Sculpture is everything physical outside of the mind's eye. Painting is a sculpture. The digital is a sculpture. An image is a sculpture. They are sculpted with the senses: eyes, ears, mouths, fingers—all of them. The senses give form to these things, which we collect in order to build our imagination, memory, dreams—the nonphysical. Sculpture
is a lens, a portal, not a medium.
—Sarah Sze
Gagosian is pleased to present Sarah Sze's first-ever exhibition in Switzerland. This is her third exhibition with the gallery, coinciding with #artbasel2021. Sze's first largescale outdoor video work will be a key feature of this year's Art Basel Parcours.

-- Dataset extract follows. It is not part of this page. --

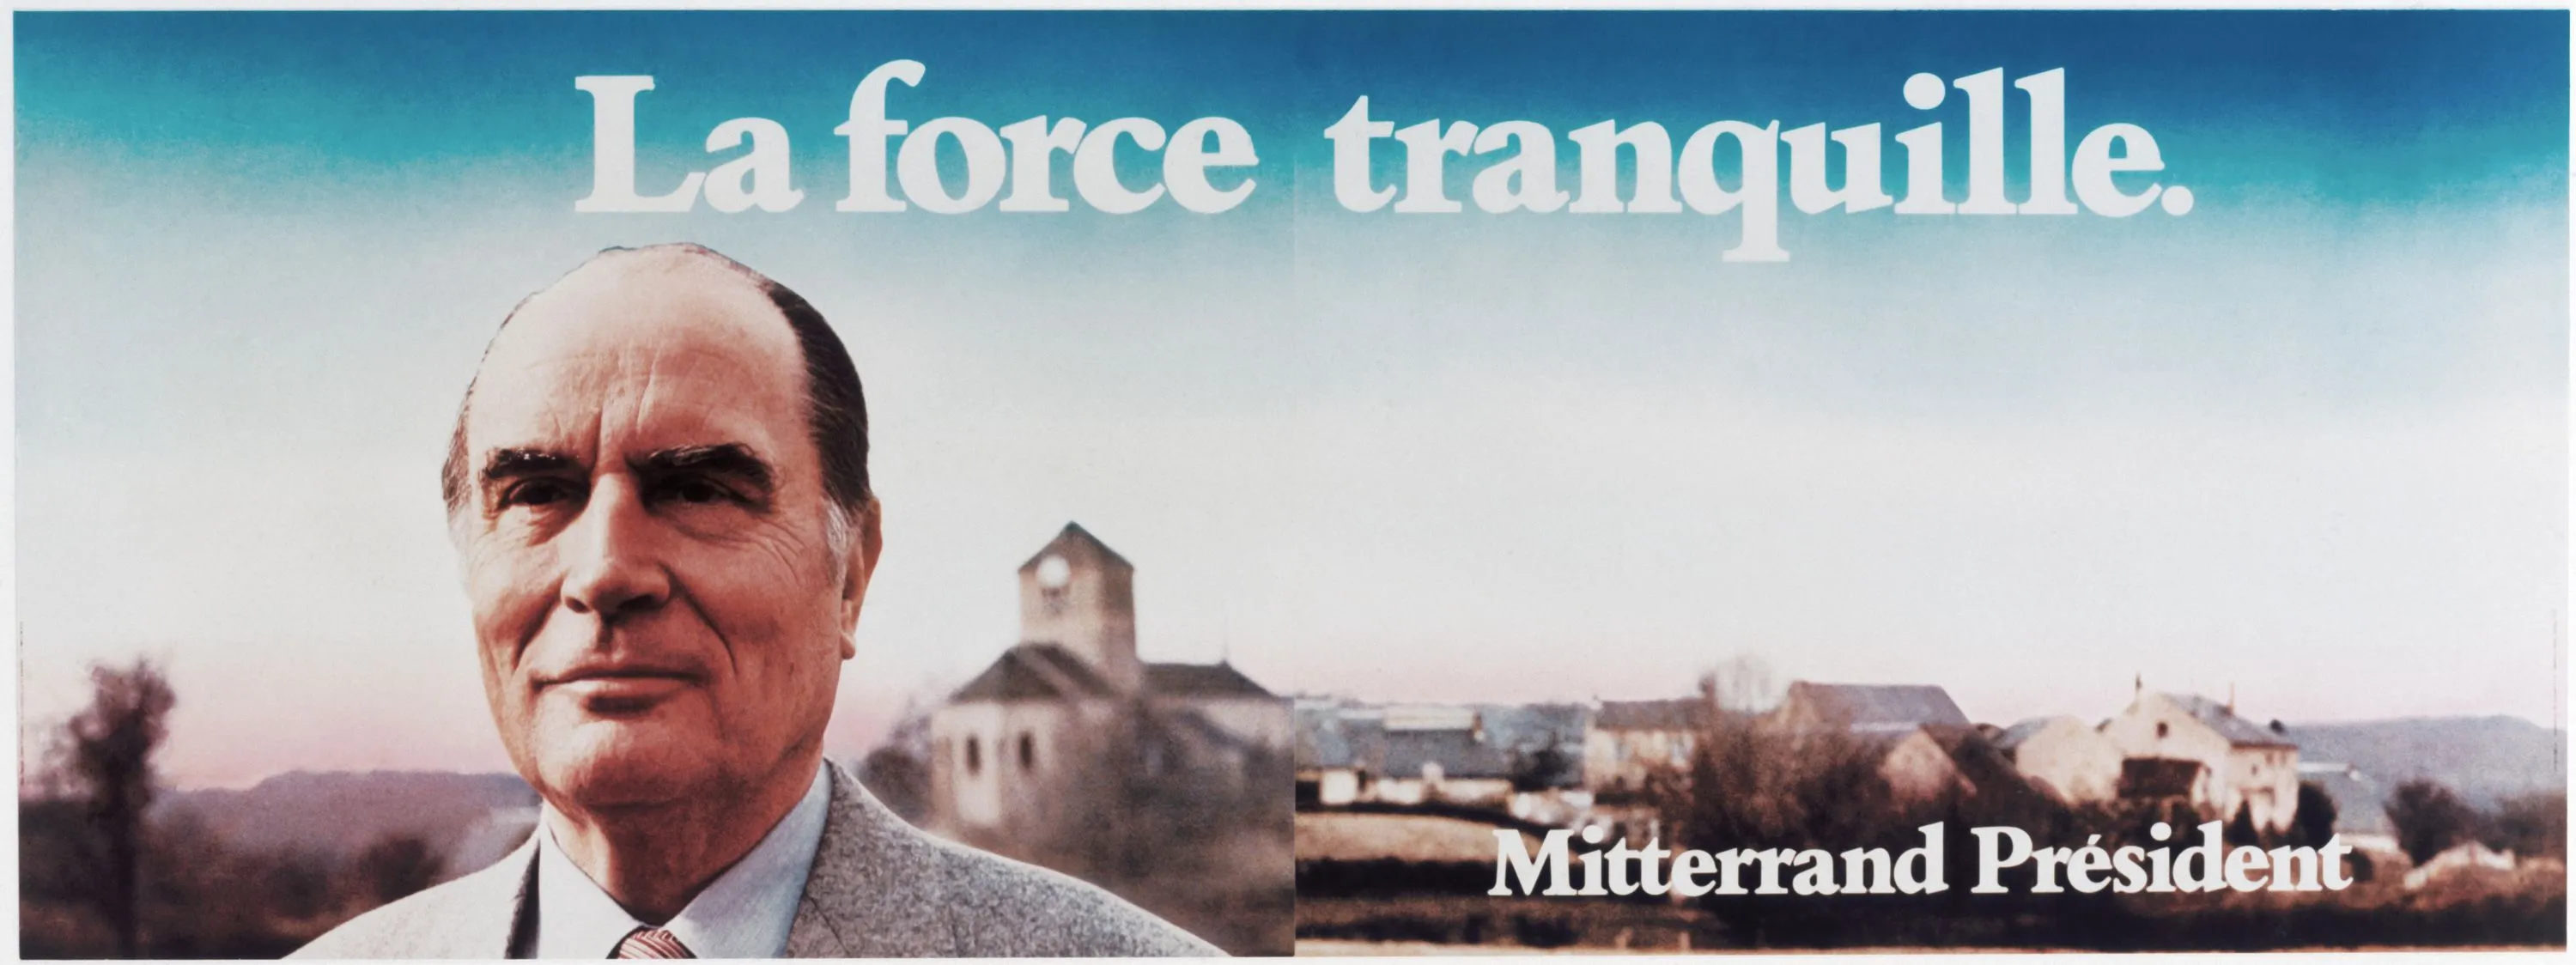 Affiche officielle de Mitterrand, 1981.

A peerless bricoleur credited with "changing the potential of sculpture," Sze gleans from the physical and digital worlds, building artworks of staggering intricacy and diversity that invite minute observation while evoking a macroscopic perspective on the
infinite. Activating the borders that separate mediums, she reflects on the overload of virtual experience and the confusion that it creates with our real experience in physical space.
In paintings, sculptures, and video installations, Sze grapples with the ideas and matter of time and entropy, underscoring the precious and precarious nature of materiality. The works on view transform the galleries into a unified, image-laden expanse, allowing viewers to grasp the formal and conceptual breadth of Sze's practice. Cast sculptures Wider than the Sky and Pound for Pound (both from the 2020–21 series Fallen Sky) are directly related to Sze's landmark installation that was inaugurated at Storm King Art Center in upstate New York this summer. Inspired by ancient architecture and the language of ruins, they catch passing light and shadow, appearing as if already disintegrated.

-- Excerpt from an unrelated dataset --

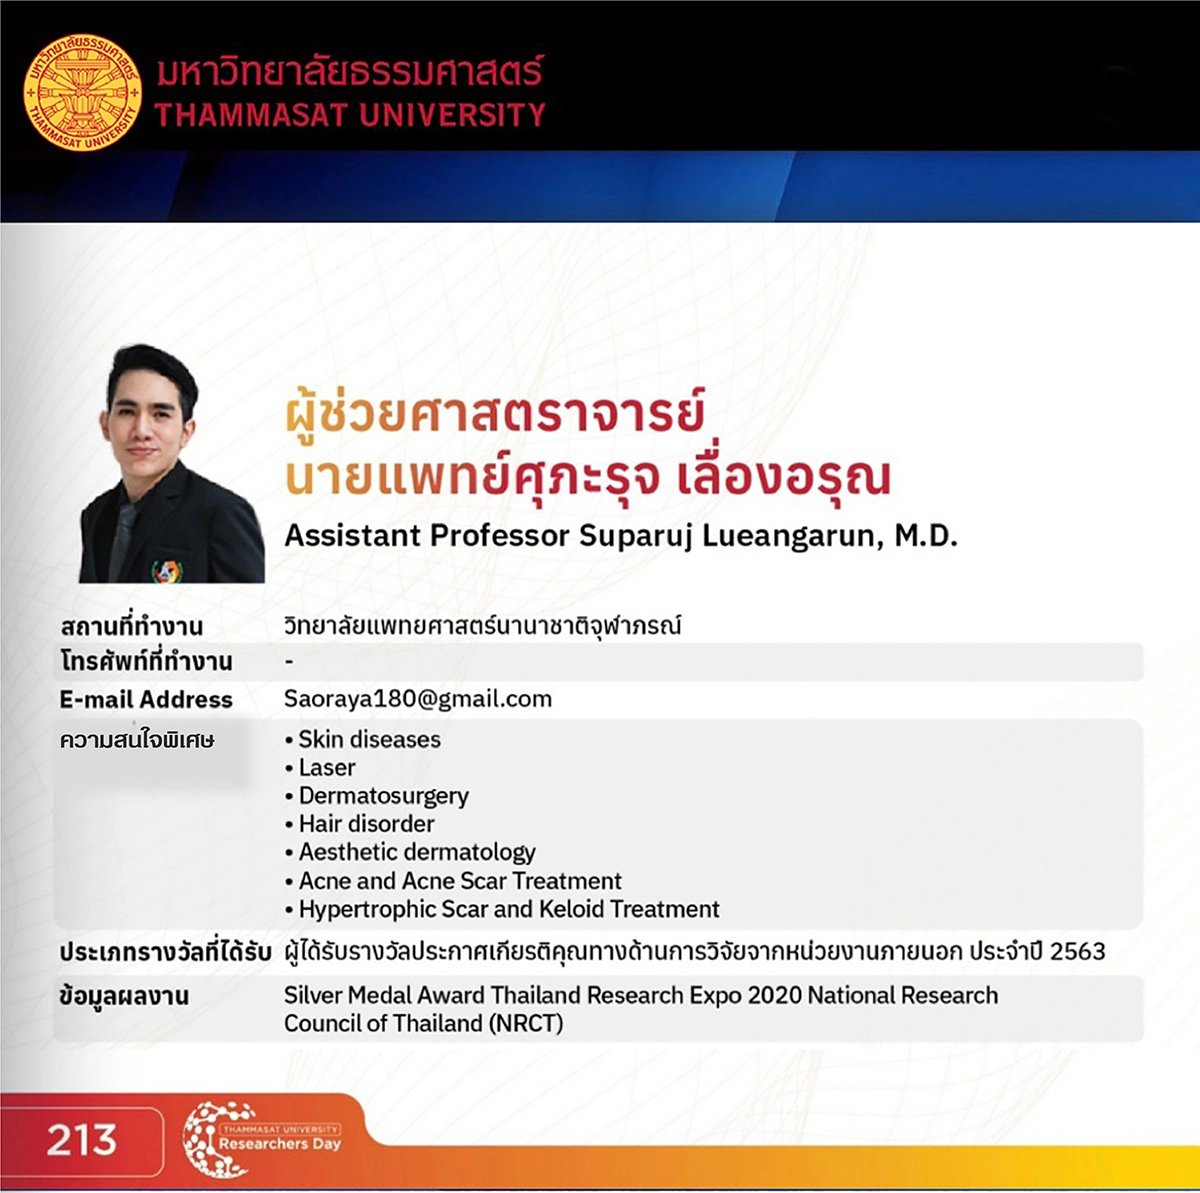 แพทย์ผู้ดูแลรักษา ผู้ช่วยศาสตราจารย์ นายแพทย์ศุภะรุจ เลื่องอรุณ (หมอรุจ) Assistant Professor Suparuj Lueangarun, MD (Dr. Ruj)

In recent years, Sze has also returned to painting, adapting the processes of sculptural accumulation to two dimensions. Her richly textured yet loosely structured paintings collapse multiple forms of picture making into a dynamic whole. Sze weaves layers of
paint and scraps of images—often visibly taped to the surfaces—into compositions of sweeping arcs, thrumming lines, and shimmering gradients. In freely combining photographic imagery and painterly mark making, these restless tableaux evoke the
fluidity of the digital realm while retaining the aura of the analog and the handmade. A play of light beckons viewers from the rear gallery where the latest of Sze's Timekeeper video installations plays, a co-op of structural elements and moving,
sounding digital parts. From a makeshift rigging a pendulum swings, perpetually marking time and space across a salt-covered arena ringed by process-related flotsam and jetsam while disembodied video images track around the room, like searchlights.